**Exercise objective**:
Because the images are not wanted, restate every line below word for word without them.

-------------------------

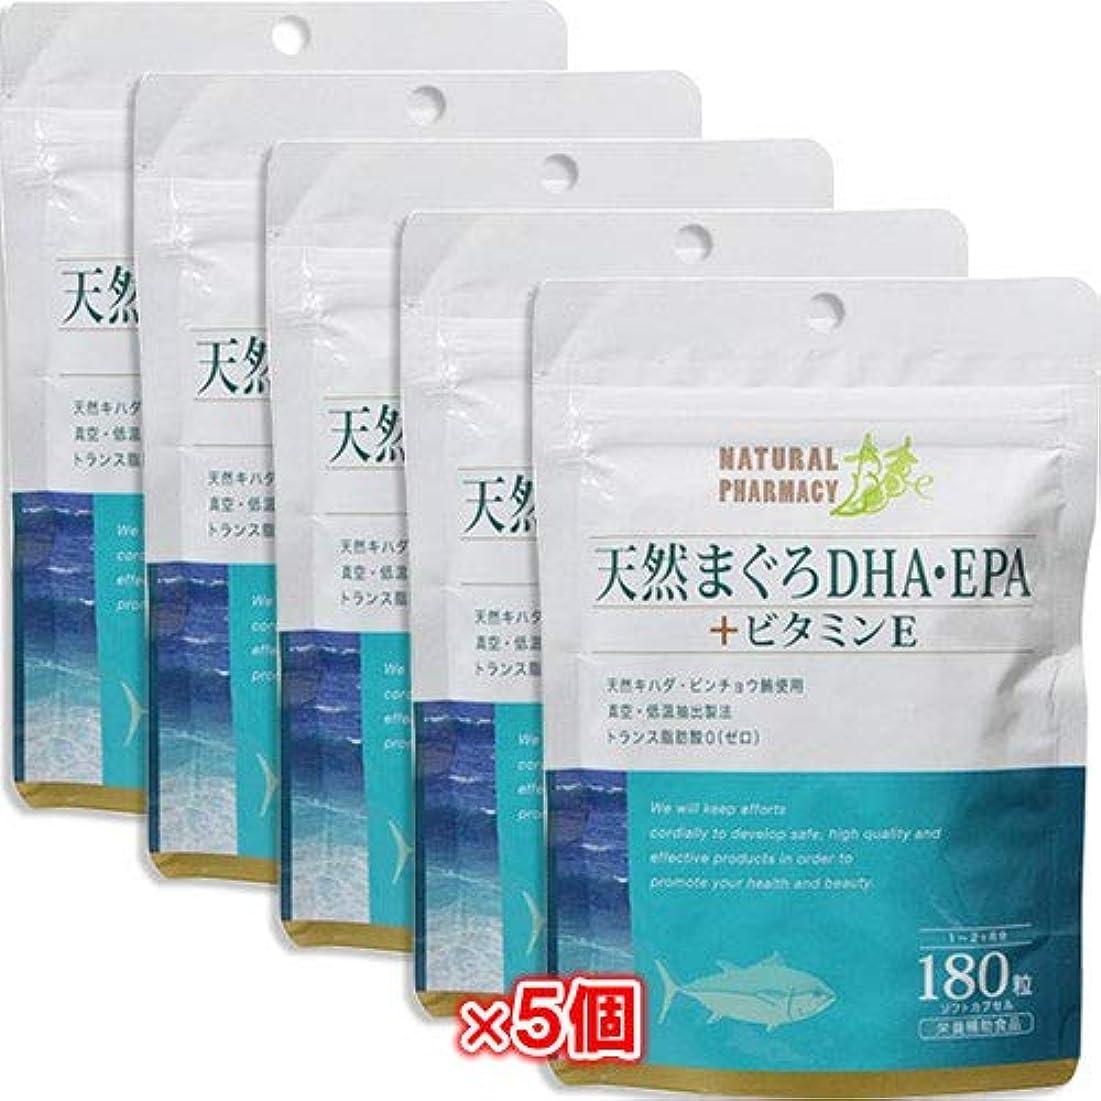 計算する役に立つラフ睡眠天然まぐろDHA?EPA+ビタミンE 180粒 ×5個セット【すみや】
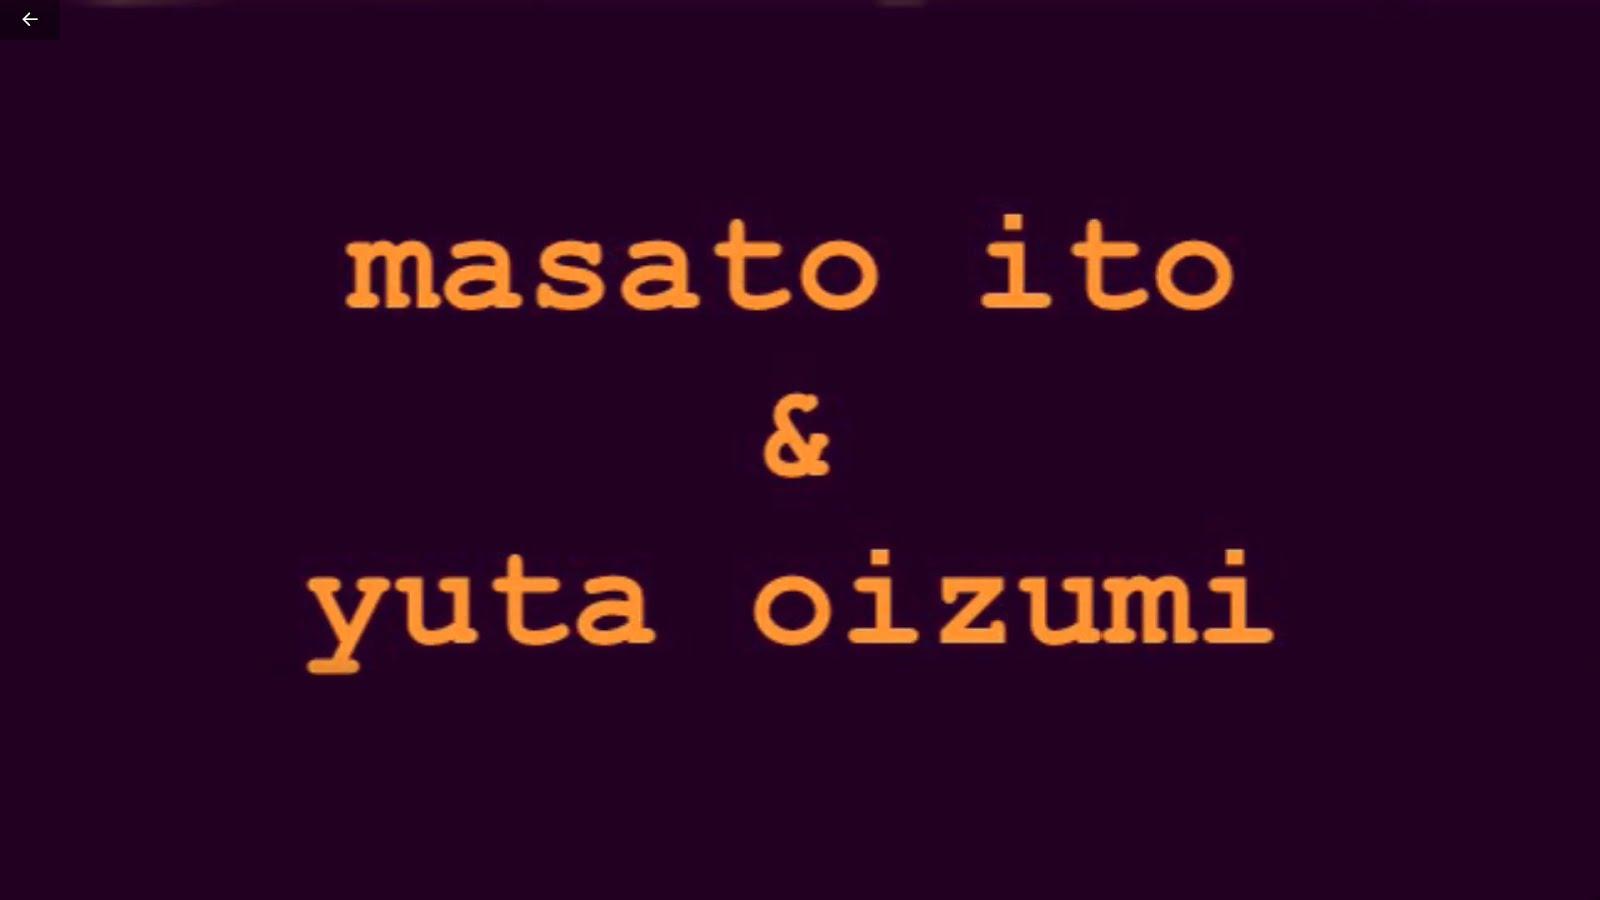 masato ito & yuta oizumi
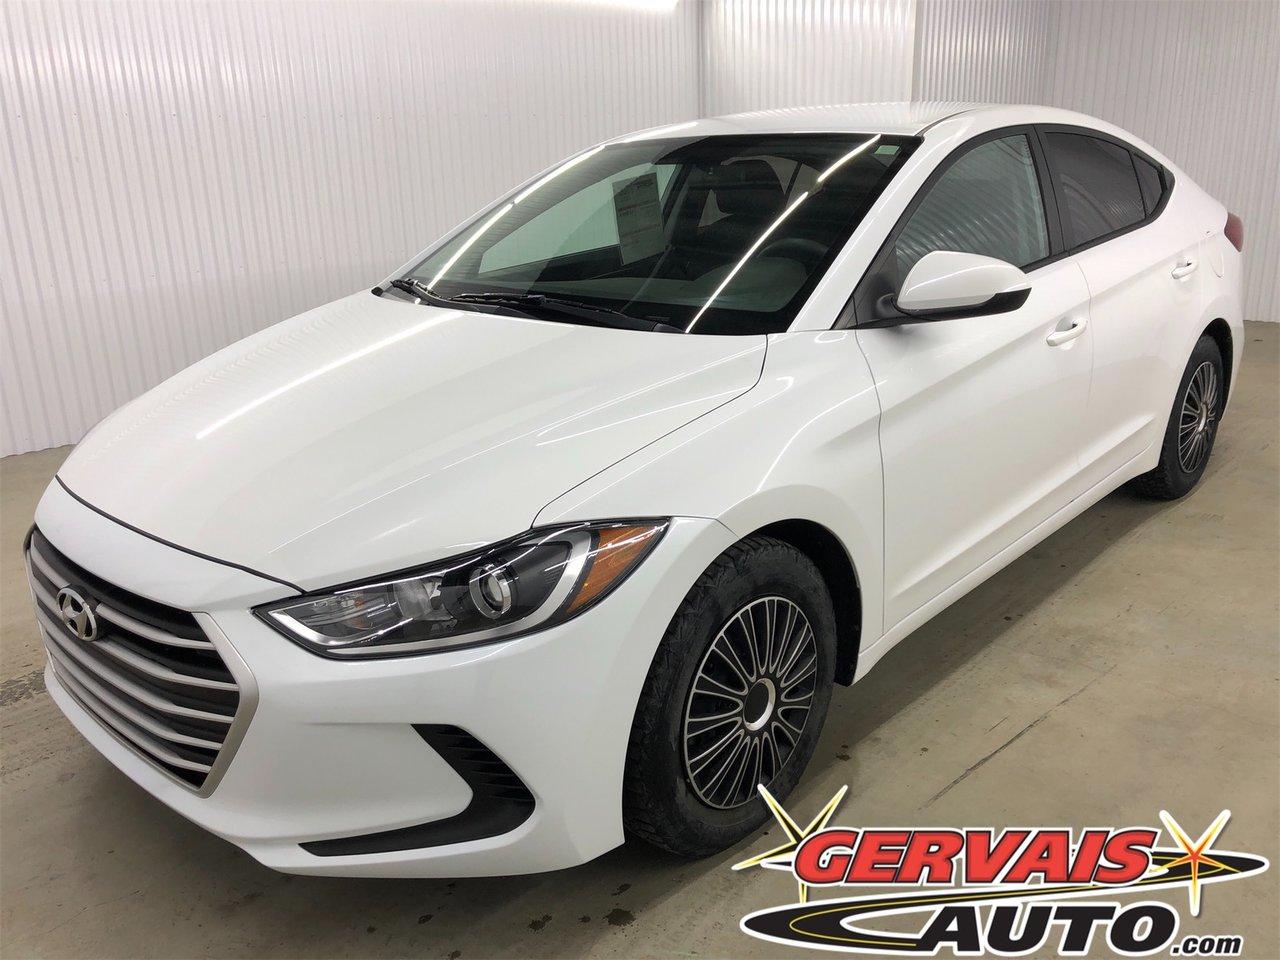 Hyundai Elantra 2017 A/C
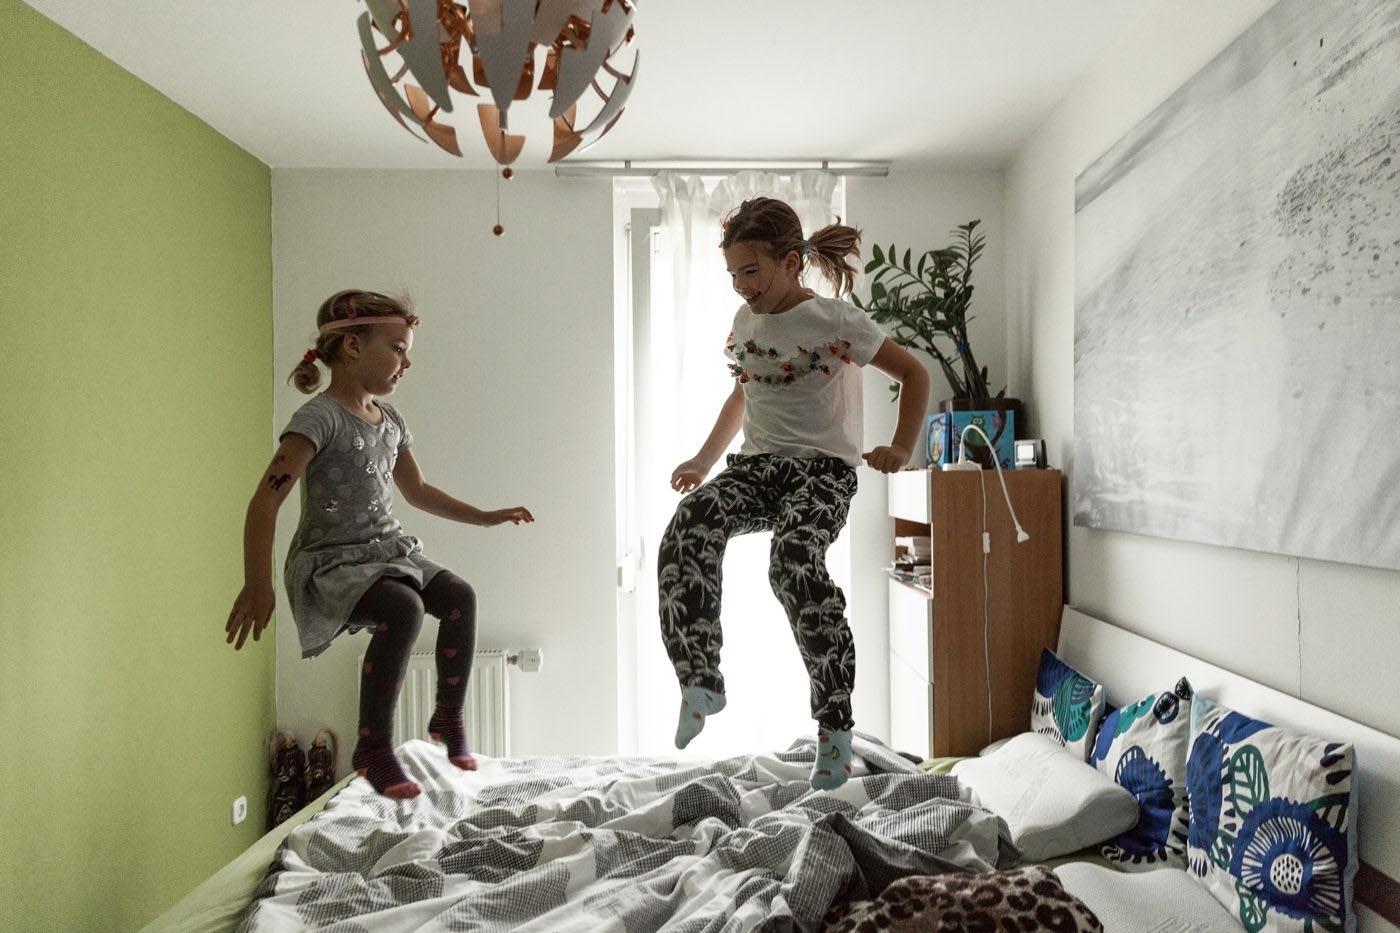 történetmeséló dokumentarista családfotózás gyerekfotózás család gyerek fotózás fotós boncsér orsolya szuzi és a naplopók storytelling familydocumentary
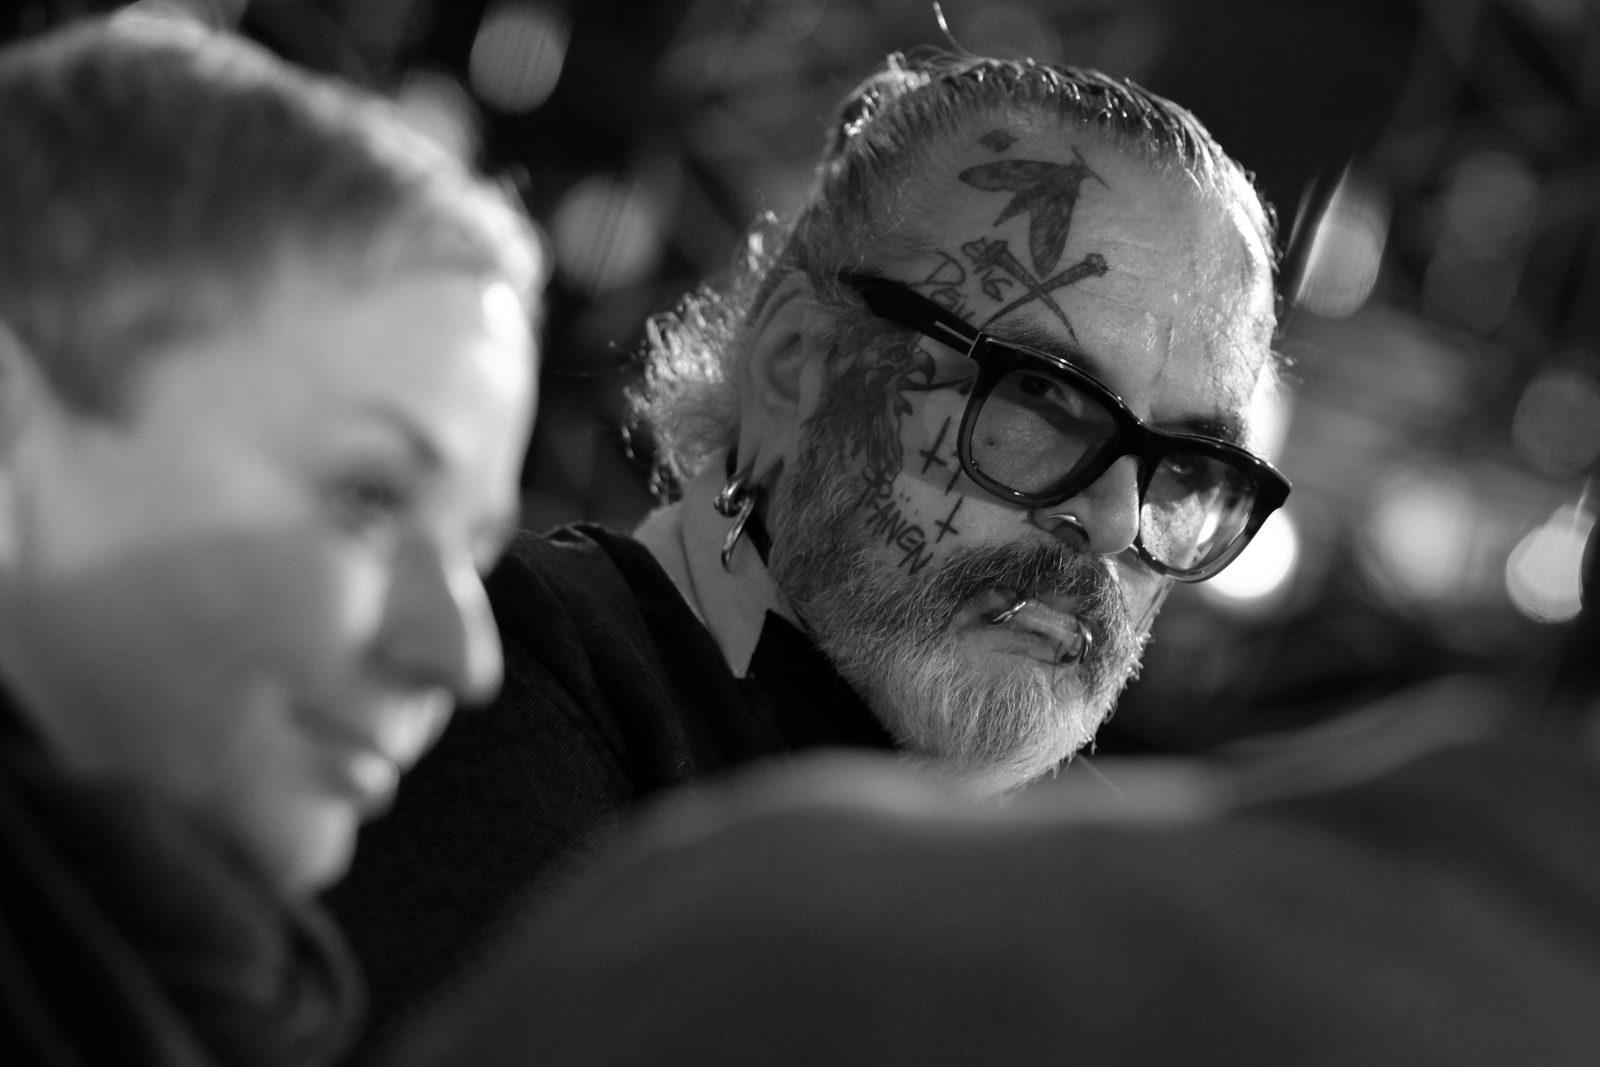 """Sven Marquardt ist Türsteher und Fotograf. In beiden Berufen hat er einen Blick für das Besondere und Wesentliche. Seine Corona-Gedanken teilt er im Filmclip """"Isolation"""". Foto: imago/Seeliger"""

-------------------------

**Answer section**:
 計算する役に立つラフ睡眠天然まぐろDHA?EPA+ビタミンE 180粒 ×5個セット【すみや】
 masato ito & yuta oizumi
 Hyundai Elantra 2017 A/C
 történetmeséló dokumentarista családfotózás gyerekfotózás család gyerek fotózás fotós boncsér orsolya szuzi és a naplopók storytelling familydocumentary
 """Sven Marquardt ist Türsteher und Fotograf. In beiden Berufen hat er einen Blick für das Besondere und Wesentliche. Seine Corona-Gedanken teilt er im Filmclip """"Isolation"""". Foto: imago/Seeliger"""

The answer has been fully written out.